> **Activity**:
Retype, exactly and with both ends included, the lines below from the one containing "Steel sump tray" through the end; omit the pictures.
** Information supplied follows **
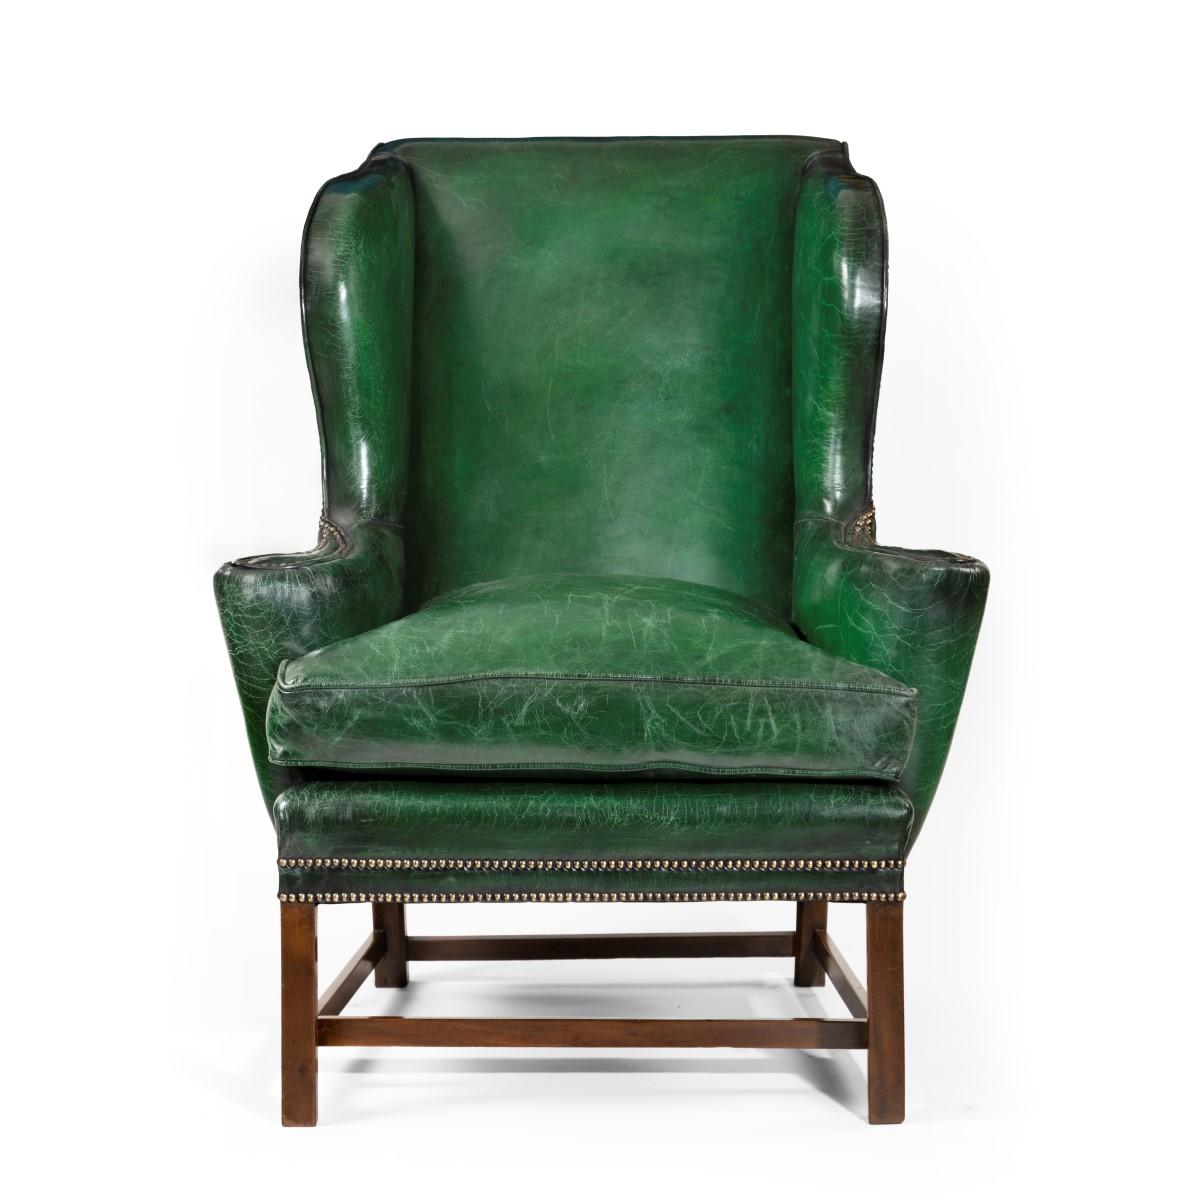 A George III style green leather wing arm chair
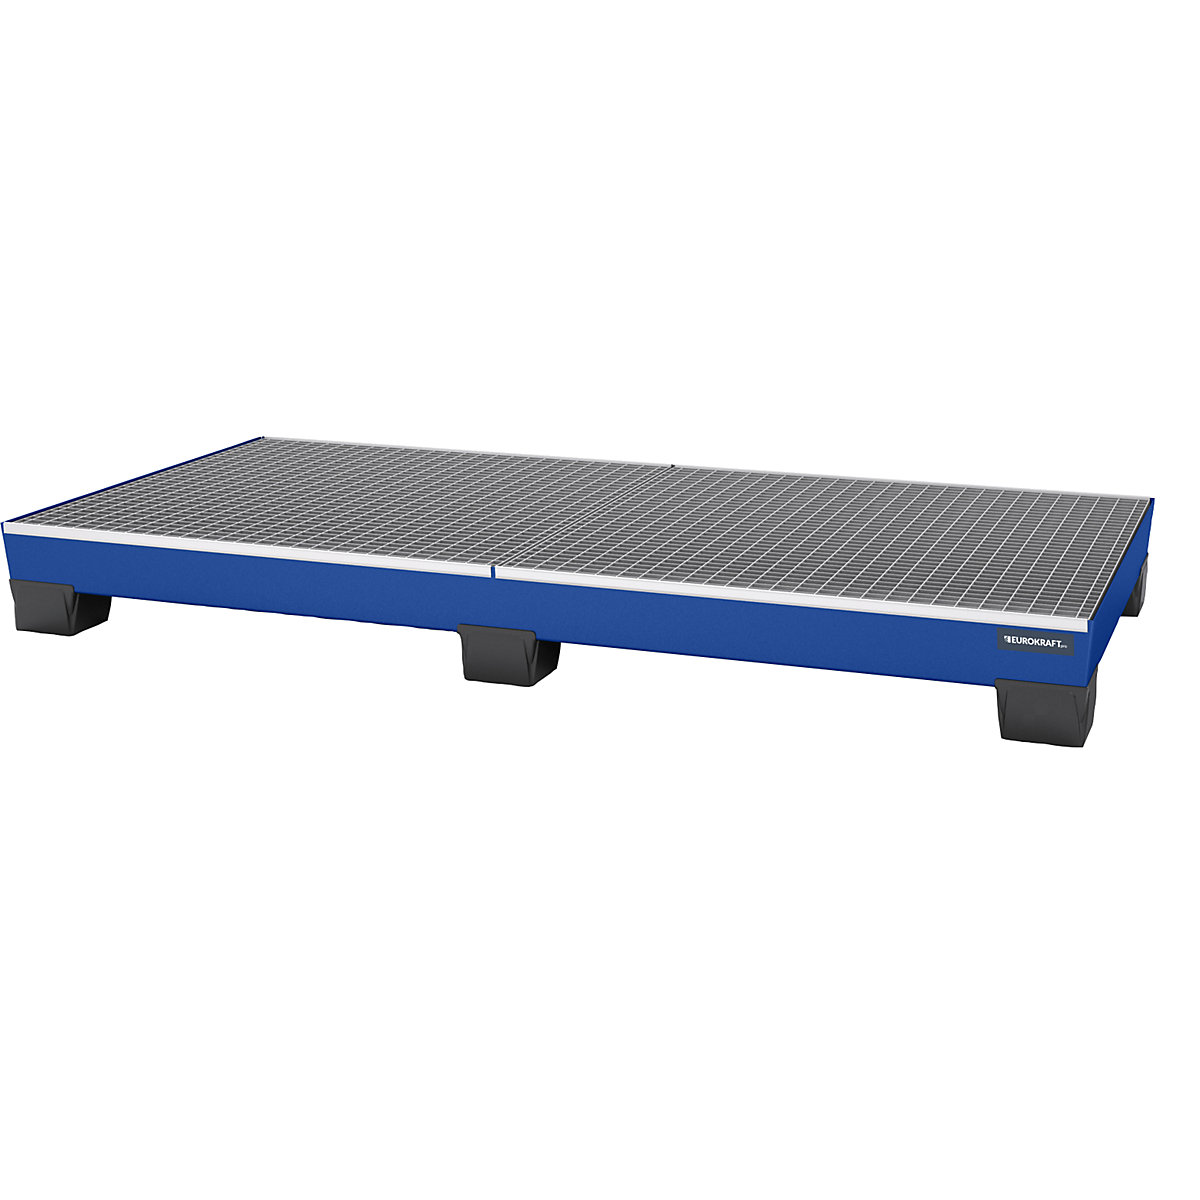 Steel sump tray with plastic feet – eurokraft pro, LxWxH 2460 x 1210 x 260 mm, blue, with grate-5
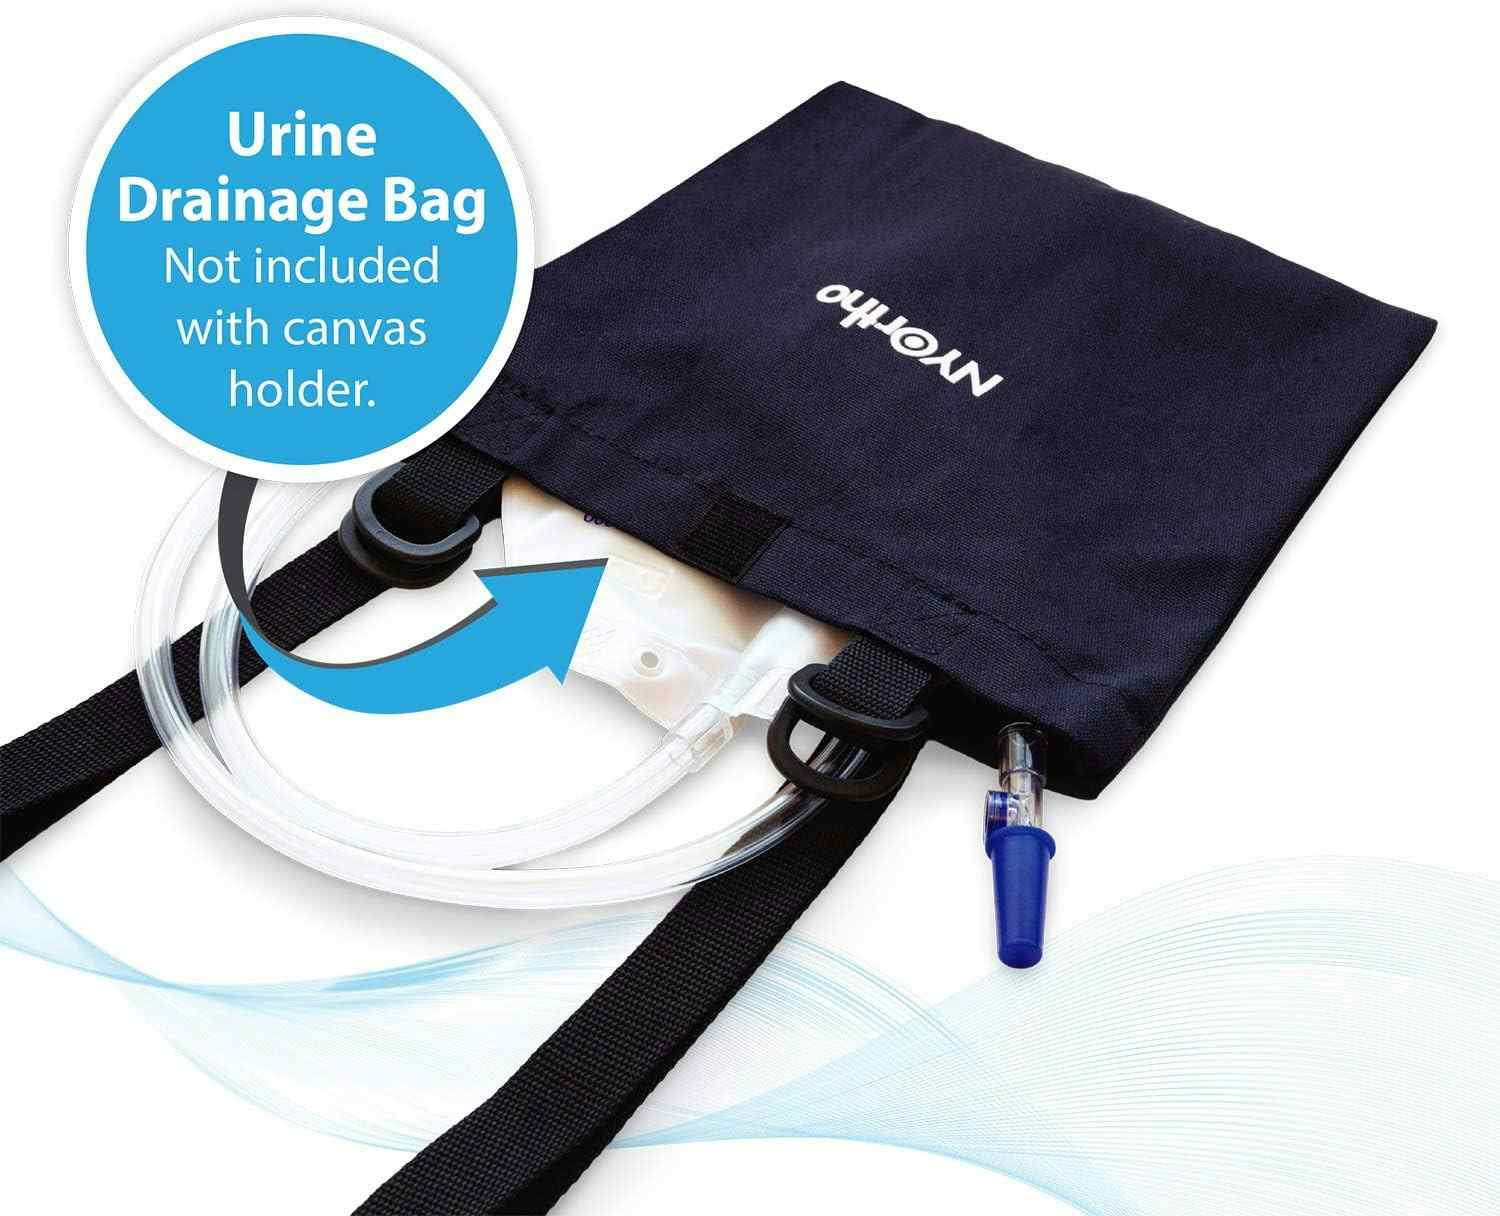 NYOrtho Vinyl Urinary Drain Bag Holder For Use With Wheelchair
** End of Information supplied **
> **Solved problem**:
 Steel sump tray with plastic feet – eurokraft pro, LxWxH 2460 x 1210 x 260 mm, blue, with grate-5
 NYOrtho Vinyl Urinary Drain Bag Holder For Use With Wheelchair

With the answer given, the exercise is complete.